I also was advised to use the PowerPC lwz even when the alignment
is not know (and not STSRICT_ALIGNMENT).
The appended patch defines a clrmemsi pattern so that the rs6000
port can take control of clear_storage() using expand_block_clear(). It
also modifies expand_block_move() to use movsi and movhi for unaligned
accesses.
Comments?
David
* config/rs6000/rs6000-protos.h (expand_block_clear): Declare.
* config/rs6000/rs6000.md (clrmemsi): New pattern.
* config/rs6000/rs6000.c (expand_block_clear): New function.
(expand_block_move): Convert alignment to bits. Use SImode and
HImode for unaligned addresses if not STRICT_ALIGNMENT.
Index: rs6000-protos.h
===================================================================
RCS file: /cvs/gcc/gcc/gcc/config/rs6000/rs6000-protos.h,v
retrieving revision 1.85
diff -c -p -r1.85 rs6000-protos.h
*** rs6000-protos.h 28 Jul 2004 12:13:13 -0000 1.85
--- rs6000-protos.h 9 Aug 2004 20:19:48 -0000
*************** extern int input_operand (rtx, enum mach
*** 86,91 ****
--- 86,92 ----
extern int small_data_operand (rtx, enum machine_mode);
extern int s8bit_cint_operand (rtx, enum machine_mode);
extern bool legitimate_constant_pool_address_p (rtx);
+ extern int expand_block_clear (rtx[]);
extern int expand_block_move (rtx[]);
extern int load_multiple_operation (rtx, enum machine_mode);
extern const char * rs6000_output_load_multiple (rtx[]);
Index: rs6000.md
===================================================================
RCS file: /cvs/gcc/gcc/gcc/config/rs6000/rs6000.md,v
retrieving revision 1.315
diff -c -p -r1.315 rs6000.md
*** rs6000.md 2 Aug 2004 01:46:40 -0000 1.315
--- rs6000.md 9 Aug 2004 20:19:49 -0000
***************
*** 9093,9098 ****
--- 9137,9156 ----
"{stsi|stswi} %2,%1,%O0"
[(set_attr "type" "store")])
+ (define_expand "clrmemsi"
+ [(parallel [(set (match_operand:BLK 0 "" "")
+ (const_int 0))
+ (use (match_operand:SI 1 "" ""))
+ (use (match_operand:SI 2 "" ""))])]
+ ""
+ "
+ {
+ if (expand_block_clear (operands))
+ DONE;
+ else
+ FAIL;
+ }")
+
;; String/block move insn.
;; Argument 0 is the destination
;; Argument 1 is the source
Index: rs6000.c
===================================================================
RCS file: /cvs/gcc/gcc/gcc/config/rs6000/rs6000.c,v
retrieving revision 1.679
diff -c -p -r1.679 rs6000.c
*** rs6000.c 5 Aug 2004 17:05:48 -0000 1.679
--- rs6000.c 9 Aug 2004 20:48:26 -0000
*************** rs6000_init_libfuncs (void)
*** 8253,8258 ****
--- 8268,8358 ----
set_conv_libfunc (sfloat_optab, TFmode, SImode, "_q_itoq");
}
}
+
+
+ /* Expand a block clear operation, and return 1 if successful.
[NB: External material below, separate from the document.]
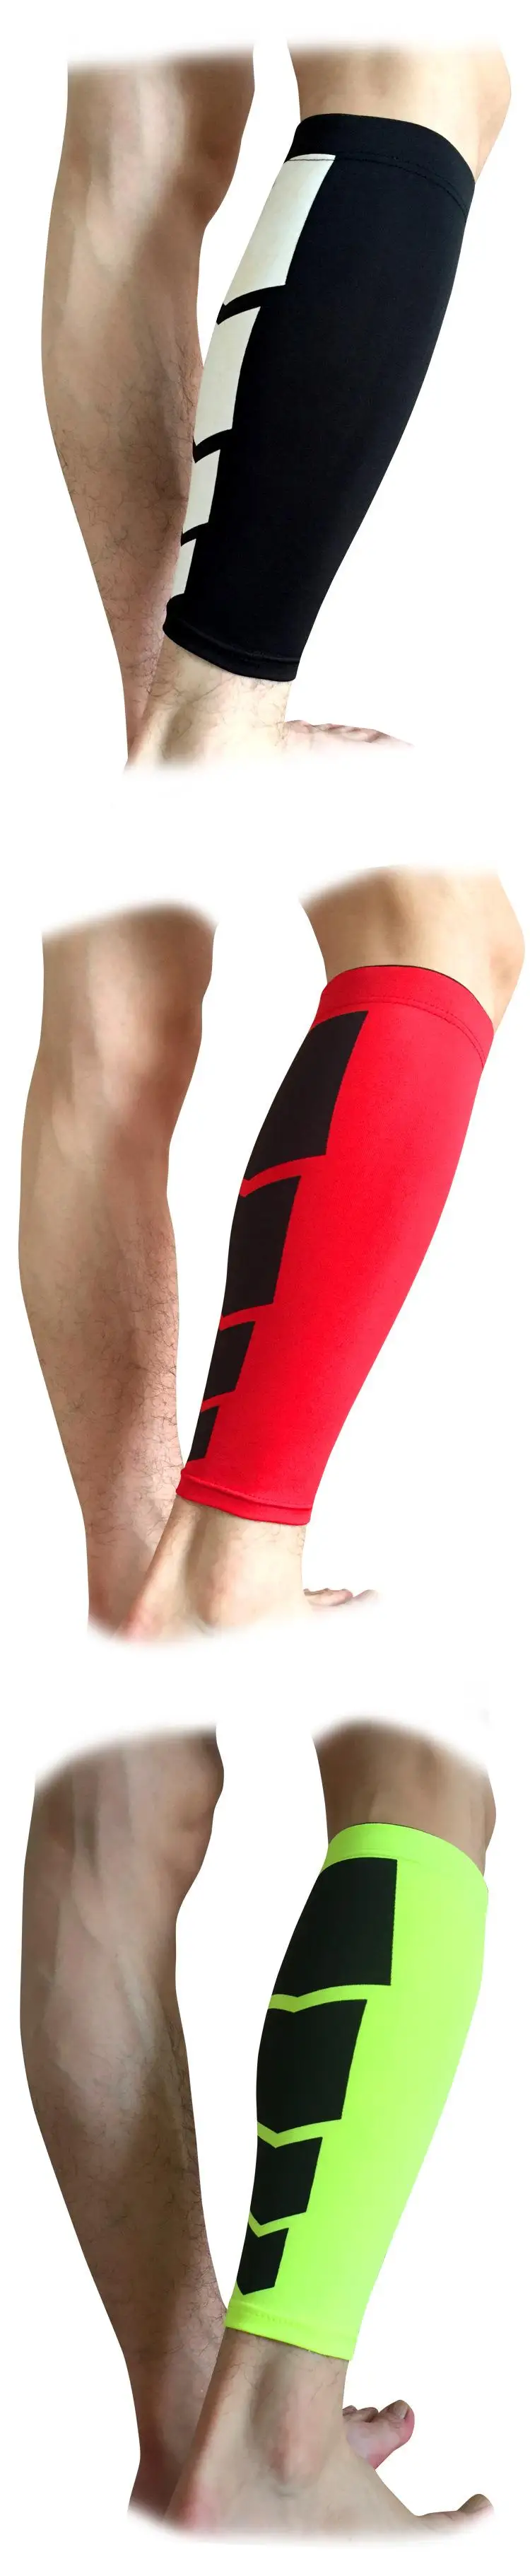 YWYD 1 пара(2 шт) многофункциональные щитки для голени футбольные защитные подушечки для голени Компрессионные рукава футбольные спортивные инструменты для бега
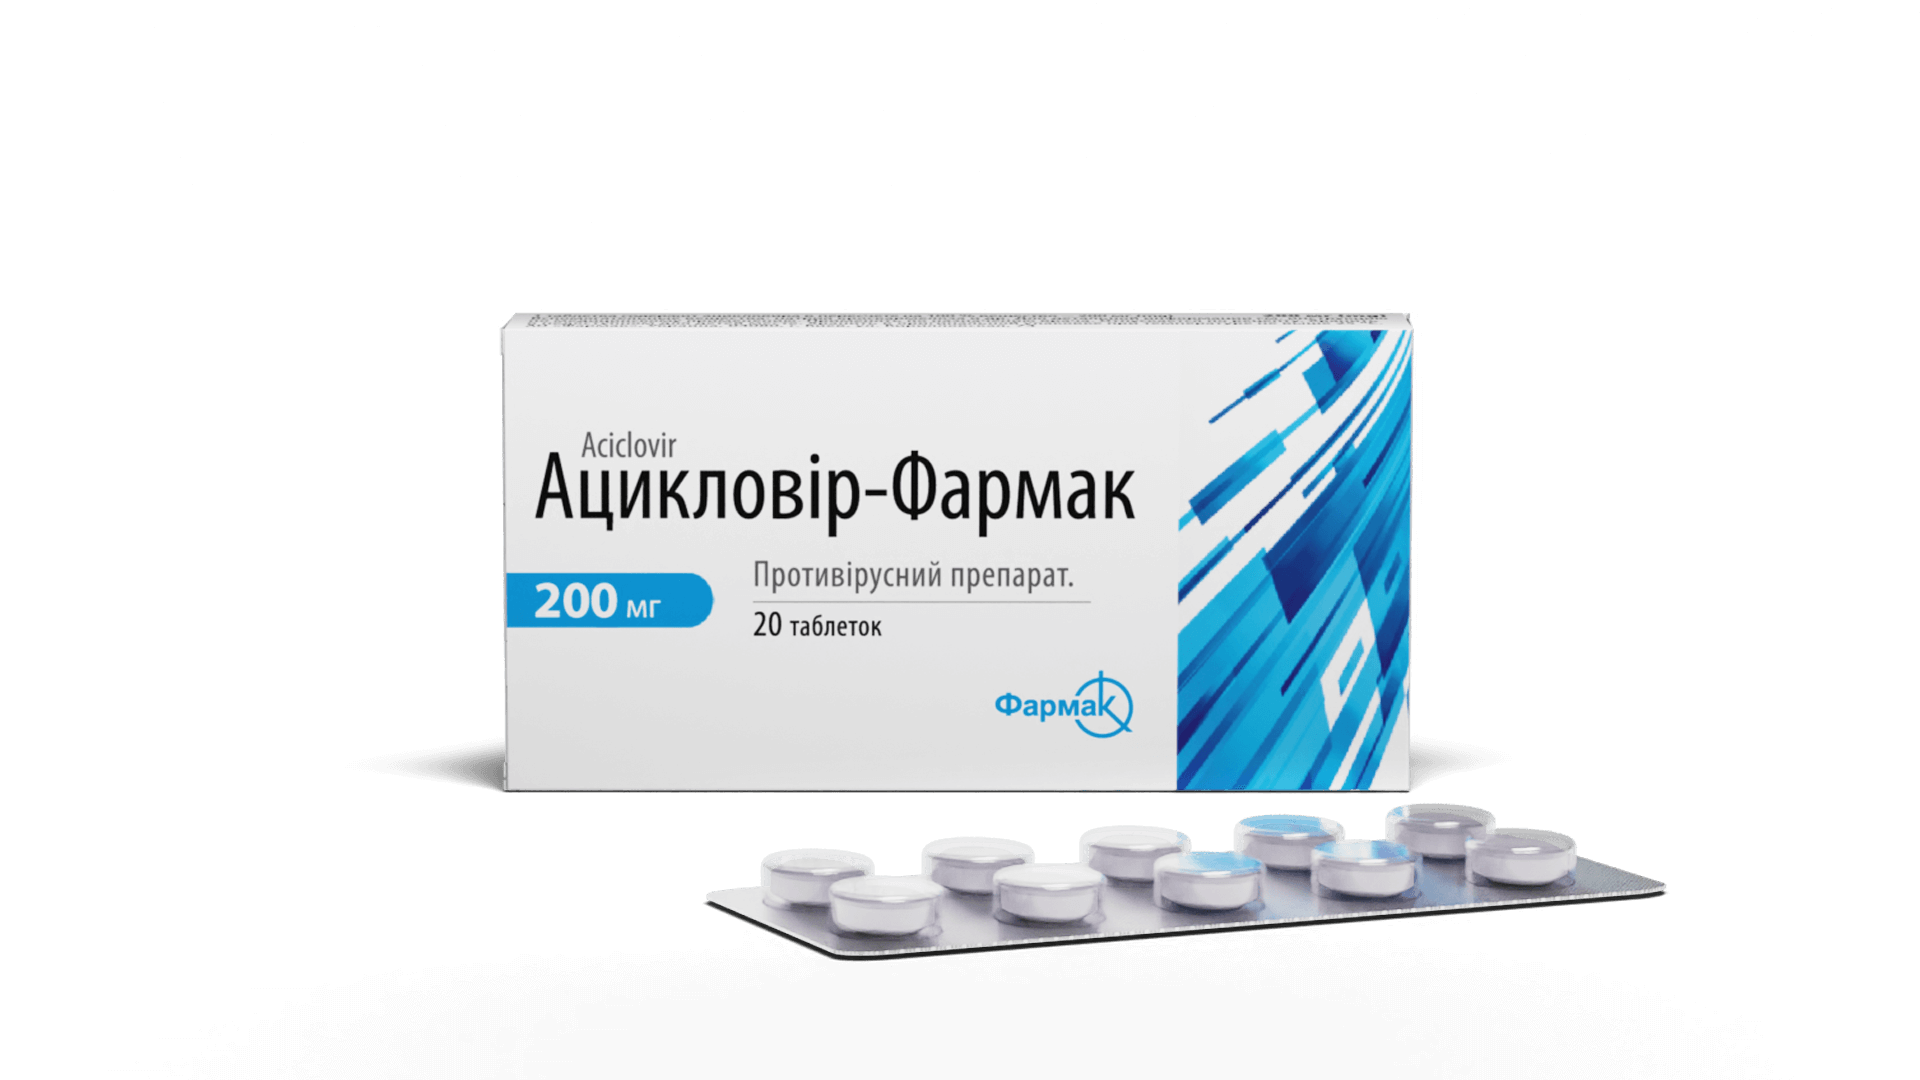 Ацикловир-Фармак (2)

Return 0
+ if we should let the compiler generate normal code.
+
+ operands[0] is the destination
+ operands[1] is the length
+ operands[2] is the alignment */
+
+ int
+ expand_block_clear (rtx operands[])
+ {
+ rtx orig_dest = operands[0];
+ rtx bytes_rtx = operands[1];
+ rtx align_rtx = operands[2];
+ int constp = (GET_CODE (bytes_rtx) == CONST_INT);
+ int align;
+ int bytes;
+ int offset;
+ int clear_bytes;
+
+ /* If this is not a fixed size move, just call memcpy */
+ if (! constp)
+ return 0;
+
+ /* If this is not a fixed size alignment, abort */
+ if (GET_CODE (align_rtx) != CONST_INT)
+ abort ();
+ align = INTVAL (align_rtx) * BITS_PER_UNIT;
+
+ /* Anything to clear? */
+ bytes = INTVAL (bytes_rtx);
+ if (bytes <= 0)
+ return 1;
+
+ if (bytes > (TARGET_POWERPC64 && align >= 32 ? 64 : 32))
+ return 0;
+
+ if (optimize_size && bytes > 16)
+ return 0;
+
+ for (offset = 0; bytes > 0; offset += clear_bytes, bytes -= clear_bytes)
+ {
+ union {
+ rtx (*mov) (rtx, rtx);
+ } gen_func;
+ enum machine_mode mode = BLKmode;
+ rtx dest;
+
+ if (bytes >= 8 && TARGET_POWERPC64
+ /* 64-bit loads and stores require word-aligned
+ displacements. */
+ && (align >= 64 || (!STRICT_ALIGNMENT && align >= 32)))
+ {
+ clear_bytes = 8;
+ mode = DImode;
+ gen_func.mov = gen_movdi;
+ }
+ else if (bytes >= 4 && !STRICT_ALIGNMENT)
+ { /* move 4 bytes */
+ clear_bytes = 4;
+ mode = SImode;
+ gen_func.mov = gen_movsi;
+ }
+ else if (bytes == 2 && !STRICT_ALIGNMENT)
+ { /* move 2 bytes */
+ clear_bytes = 2;
+ mode = HImode;
+ gen_func.mov = gen_movhi;
+ }
+ else /* move 1 byte at a time */
+ {
+ clear_bytes = 1;
+ mode = QImode;
+ gen_func.mov = gen_movqi;
+ }
+
+ dest = adjust_address (orig_dest, mode, offset);
+
+ emit_insn ((*gen_func.mov) (dest, const0_rtx));
+ }
+
+ return 1;
+ }
+
/* Expand a block move operation, and return 1 if successful. Return 0
if we should let the compiler generate normal code.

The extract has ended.